Feature selection is one of the key elements in the prediction. Several different combinations, though not presented in the report, were tried, which gave quite different results. Some tutorials in Kaggle forum using different feature spaces improved the ranking in the leaderbord a lot. As to which features are most relevant to the prediction accuracy, it is like a piece of black art but more systematic method for feature selection are desired and should be in the learning list.

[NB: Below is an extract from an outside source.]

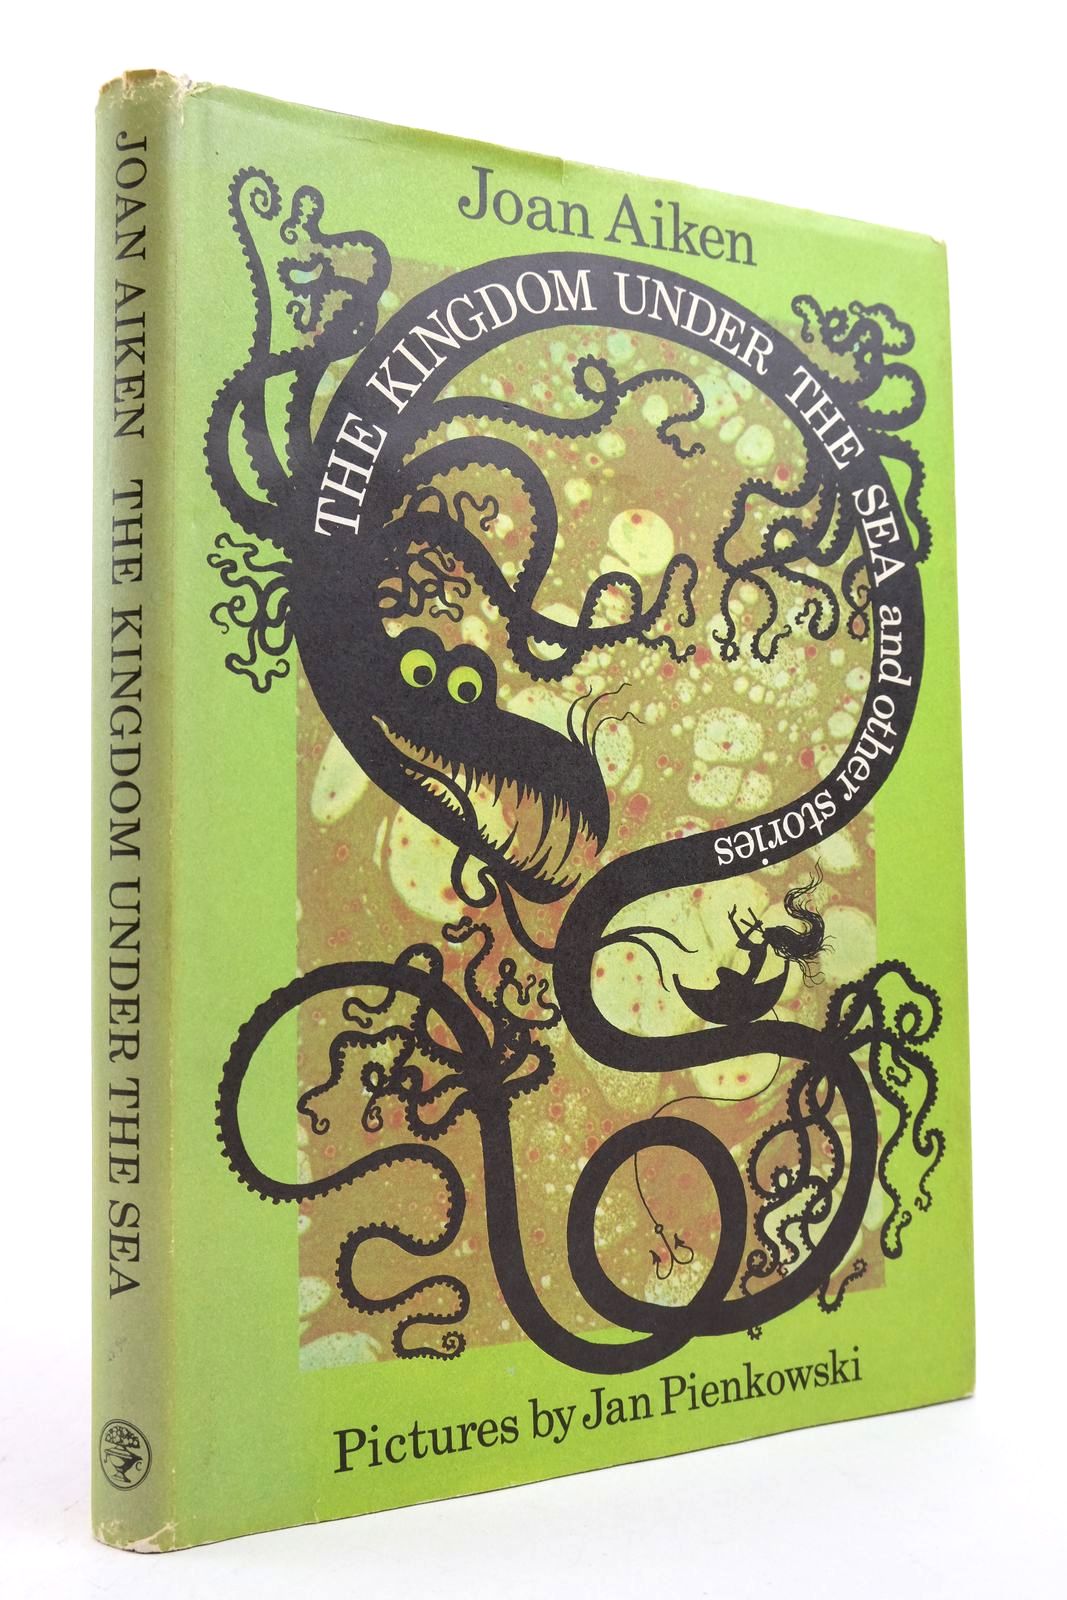 Photo of THE KINGDOM UNDER THE SEA AND OTHER STORIES written by Aiken, Joan illustrated by Pienkowski, Jan published by Jonathan Cape (STOCK CODE: 2140211)  for sale by Stella & Rose's Books

Multicollinearity is mysterious. It is intuitive to remove the redundant features that are highly correlated, such as Title and Sex, or Pclass and Fare. However, including all of them in the classifier considered here improves the prediction accuracy. Nevertherless, in linear models such as logit regression, (multi-)collinearity does influence the prediction, making the standard error of coefficients larger and hence decreasing the power of the hypothesis tests for the coefficients (the probability to reject the null hypothesis).